What Is Meant By Bretton Woods Agreement Explain Any Five Points

The Bretton Woods countries have decided not to give the IMF the power of a global central bank. Instead, they agreed to contribute to a solid pool of national currencies and gold, which would be held by the IMF. Each member country of the Bretton Woods system then had the right to borrow as part of its dues, which it needed. The IMF was also responsible for implementing the Bretton Woods agreement. As chief international economist at the U.S. Treasury, Harry Dexter White designed the U.S. Cash Access Project in 1942/44, which rivaled Keynes` plan for the British Treasury. Overall, White`s system tended to favour incentives to create price stability in the world`s economies, while Keynes wanted a system that promoted economic growth. The “collective agreement was a huge international undertaking,” which took two years before the conference to prepare for it. It consisted of numerous bilateral and multilateral meetings to find a common basis for determining the policies that would be behind the Bretton Woods system. The Bretton Woods Agreement was launched in 1944 at a conference of all allied nations of the Second World War.

It took place in Bretton Woods, New Hampshire. The Bretton Woods rules, set out in the articles of the International Monetary Fund (IMF) and the International Bank for Reconstruction and Development (IBRD), provide for a fixed exchange rate system.
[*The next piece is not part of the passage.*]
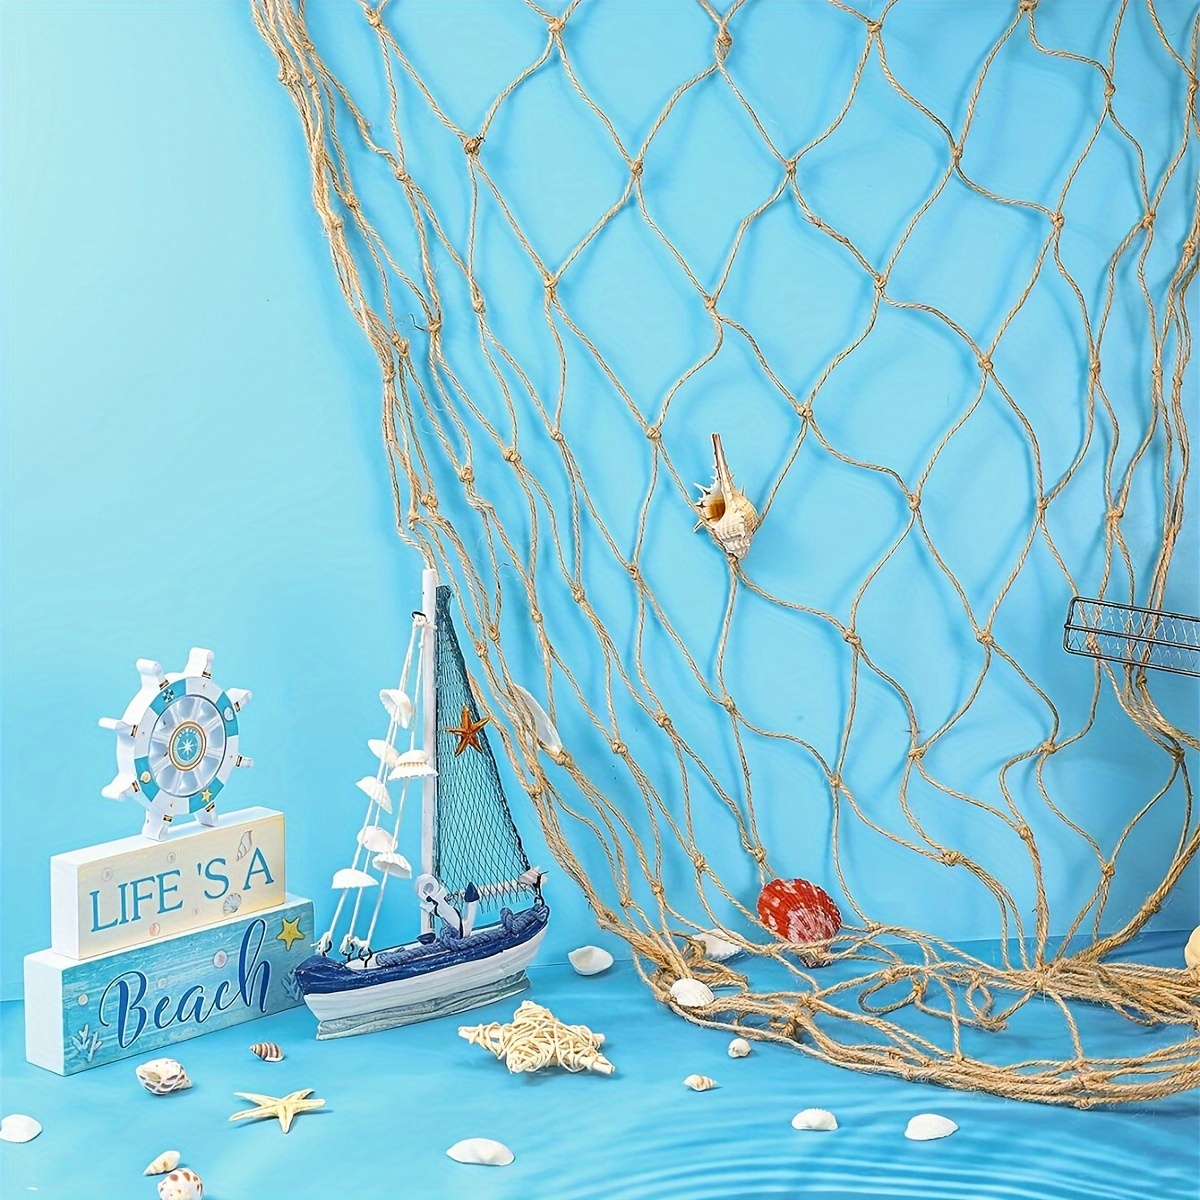 YOAYO Decorative Fish Net, Nautical Fishing Net Decoration for Party,Wall, Blue,200x150cm

The rules also aimed to promote an open system by requiring members to convert their respective currencies into other currencies and to make free trade. The security of money by the gold standard began to become a serious problem in the late 1960s. In 1971, the problem was so serious that U.S. President Richard Nixon announced that the possibility of converting the dollar to gold was “temporarily” suspended. The stage was inevitably the last straw for the system and the agreement that sketched it. Members were required to repay their debts within 18 months to 5 years. In exchange, the IMF began to establish rules and procedures to prevent a country from going into debt from year to year. The Fund would “monitor” other economies for the United States.